Just initial thoughts, any way.


----------



## Danny McG (Feb 18, 2018)

He's a bit of a 'bubble butt' by the way


----------



## Jo Zebedee (Feb 18, 2018)

I rather like it.


----------



## Toby Frost (Feb 18, 2018)

It's a damn sight better-drawn than I could ever do. I like it, but I agree that it does feel very old-school, partly in the drawing style and partly in the character's outfit. I'd expect him to be an explorer in Australia or perhaps Africa. 

The positioning of the figure slightly bothers me. I think it's that he seems very comfortable and exposed, as if to go birdwatching, which doesn't lend much of an atmosphere of excitement or danger. One option might be to have him half-concealed by a rock or crouching down lower on the slope so that only his head sticks up, or to make the thing in the crater more obviously threatening. But of course this depends on the story and it would be wrong to go overboard.


----------



## Cat's Cradle (Feb 18, 2018)

I really dig it, and I love that it has a sort of older-times, action-adventure feel. I agree with Toby that the person seems a bit over-exposed, as he's presented here*. What if he was lying on his side, with one leg kind of drawn up, and he was lifting his head up just a bit to peek through a gap in the broken rock of the ledge's rim? When my cats are lying down while playing (seems an oxymoron, but cat owners should understand), they often keep one of their back legs bent, tensed, and with their claws dug into the carpet so they can spring away in a moment. Perhaps if this was a bit less static; just something to show that there is the potential for danger, in his spying.

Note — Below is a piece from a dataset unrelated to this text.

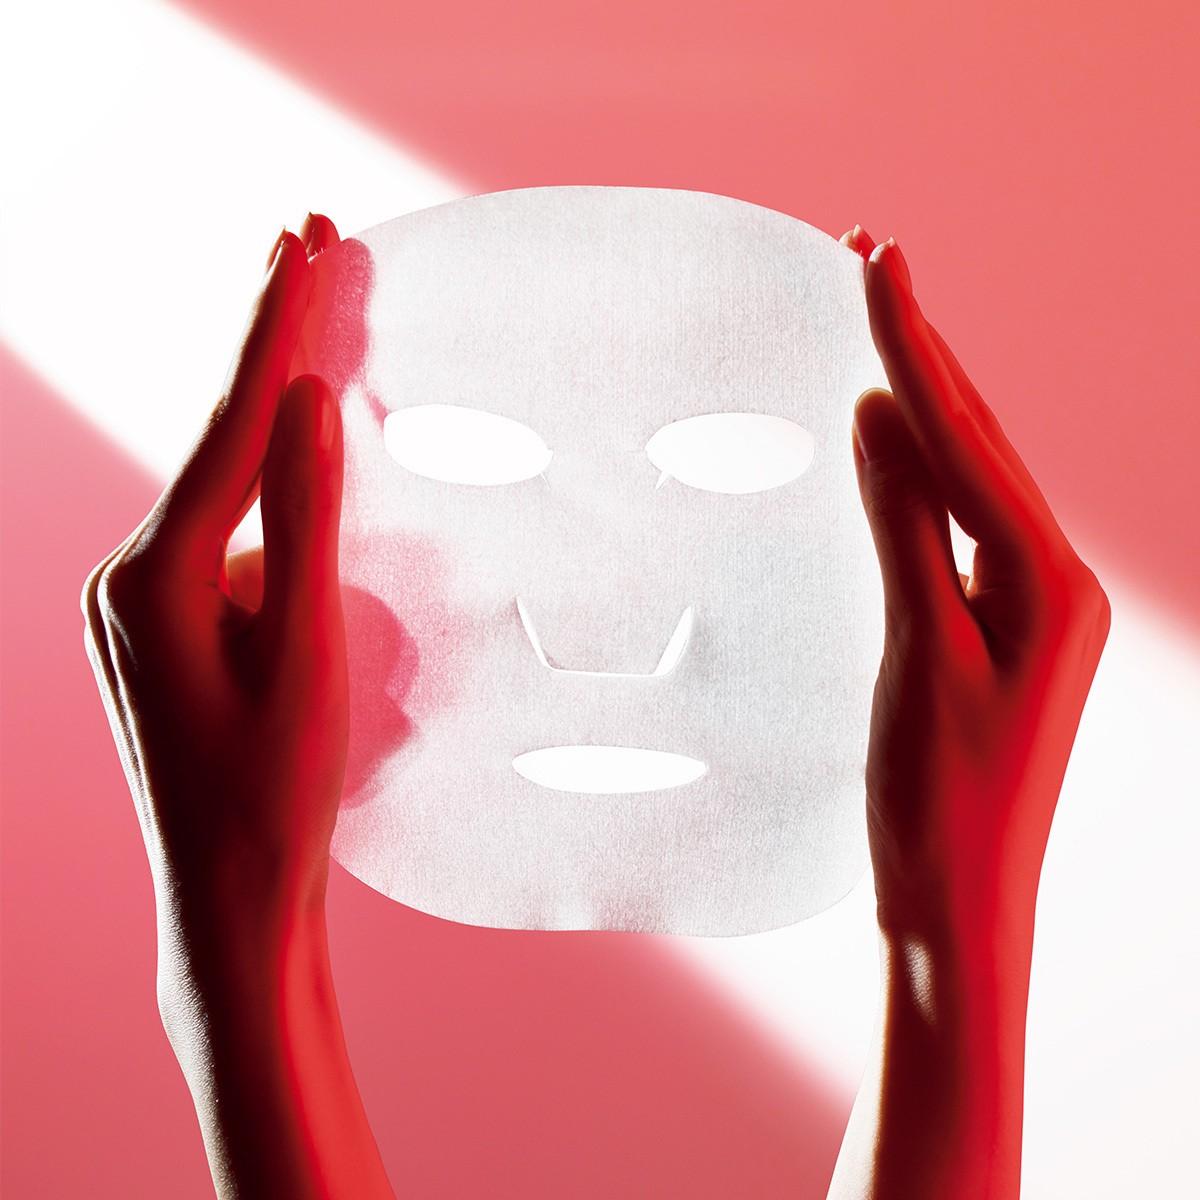 ディセンシアのフェイスマスクで、シワぐせに、週1回、5分(※1)の速攻集中ケア_1

The book is fantastic, and I'm really happy it might be published soon.

* unless the scale is off a bit here, and in the final drawing the person and the thing he is observing are a very great distance apart, so that his being exposed isn't a big deal. I should remember, having read the book, but my memory is terrible.


----------



## MemoryTale (Feb 18, 2018)

I disagree with Bryan that we don't get much impression of the character - I'm getting an explorer/archeologist vibe from them.


----------



## Stephen Palmer (Feb 18, 2018)

I really like the image and setting. The typography is a tad bland.
My main immediate reaction is - too orange*. Import it into image software and reduce the orange/red saturation!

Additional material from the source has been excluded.